“谁?敢打我?”
孟知言疼得龇牙咧嘴,回头见是谢昭翎,又惊又怒,“谢昭翎?你疯了?我哪里惹你了?”
“打你怎么了?”
谢昭翎双手叉腰,语气蛮横,眼神不屑,“我看你不顺眼,就打你。有本事,你咬我啊?”
话音未落,她抬手一巴掌扇在孟知言脸上,清脆声响响彻学舍。
“你敢打我脸!”
孟知言又气又疼,红着眼就要扑上来。
“住手!”
讲学的苏清和急忙上前阻拦,急得满头大汗,“郡主、孟公子,此处是国子监,不可动手!”
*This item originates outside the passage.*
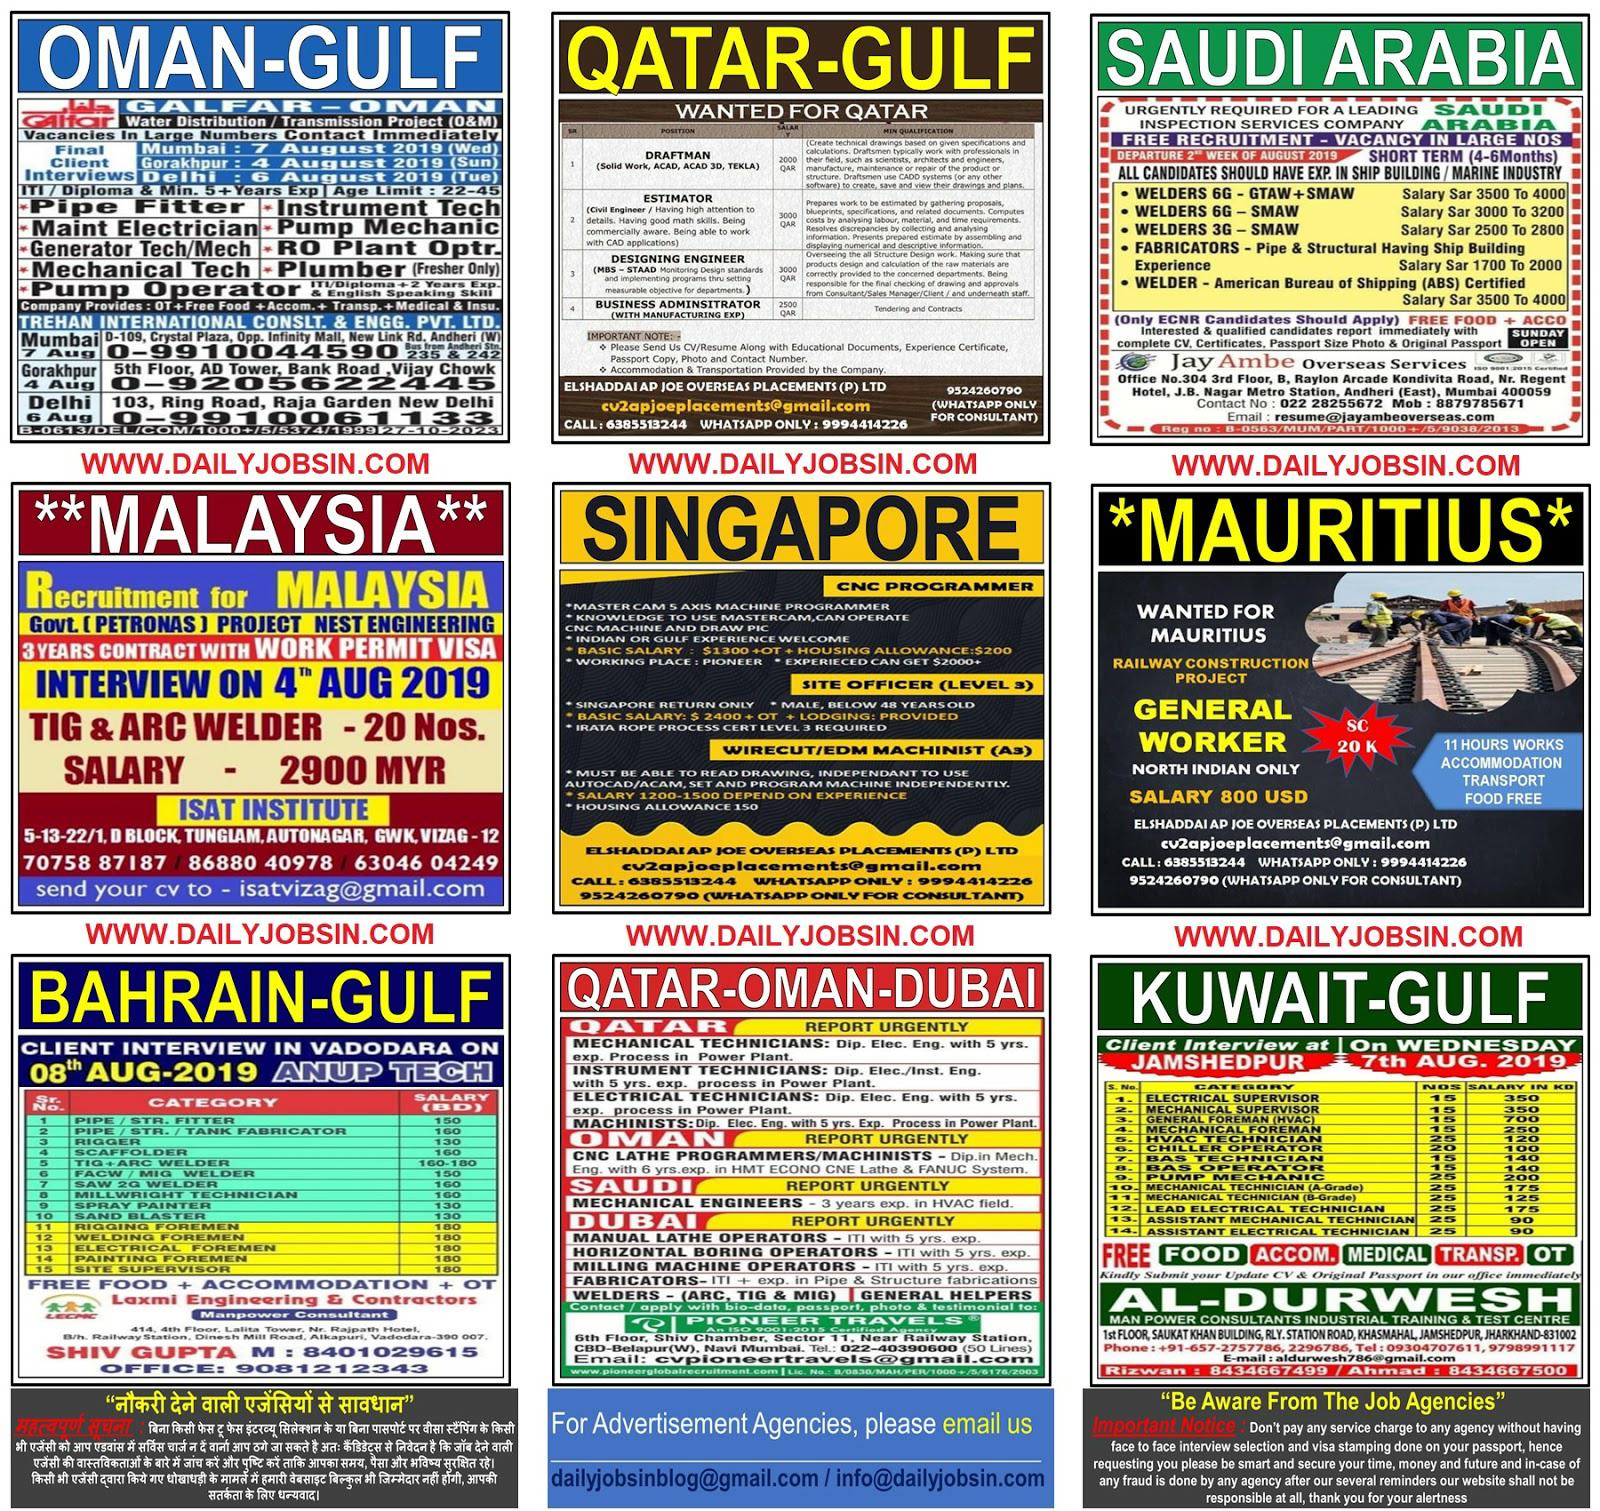 MANPOWER URGENT REQUIREMENT FOR POLAND, MALAYSIA, UK, SINGAPORE, MALDIVES, BAHRAIN, IRAQ, SAUDI ARABIA, QATAR, KUWAIT, OMAN, DUBAI-UAE & INDIA

谢昭翎一把推开他,抬脚又踹:“我想打便打,不服就来!”
苏清和拦不住,生怕闹出大事,咬牙转身跑出去找人。
孟知言蜷缩在地,狼狈不堪,怨毒地盯着谢昭翎,哭喊道:“谢昭翎,我不会放过你!我要告诉我姑姑去!”
谢昭翎冷笑一声,神色淡然,仿佛刚才动手的人不是她。
她心知,燕王萧景渊很快便会到来。
这位王爷素来重规矩,自己当众殴打太后亲侄,必然受罚——而这,正是她想要的。
不多时,脚步声沉稳而至。
萧景渊身着月白锦袍,面容俊朗,气质温润,跟着气喘吁吁的苏清和走入学舍。
他看了眼地上的孟知言,又望向谢昭翎,眉头微蹙,语气温和却带威严:“何事在此喧哗斗殴?”
孟知言如同见到救星,连滚带爬扑过去跪倒:“王爷!谢昭翎无故殴打我,还扇我耳光!求王爷为我做主!”
萧景渊目光落在那道清晰巴掌印上,看向谢昭翎:“昭翎,知言所言,可是真的?”
谢昭翎迎上他的目光,故作茫然,语气随意:“殴打他?有吗?我刚没睡醒,脑子昏沉,不记得了,也不认识他。”
众人一怔。
孟知言气得发抖:“你胡说!你明明认识我!”
萧景渊却只淡淡一笑,想起近日传闻,语气温和:“醉仙楼一事,本王早已听闻,心中敬佩。想来是你近日操劳,精神不济,才无意间起了冲突。”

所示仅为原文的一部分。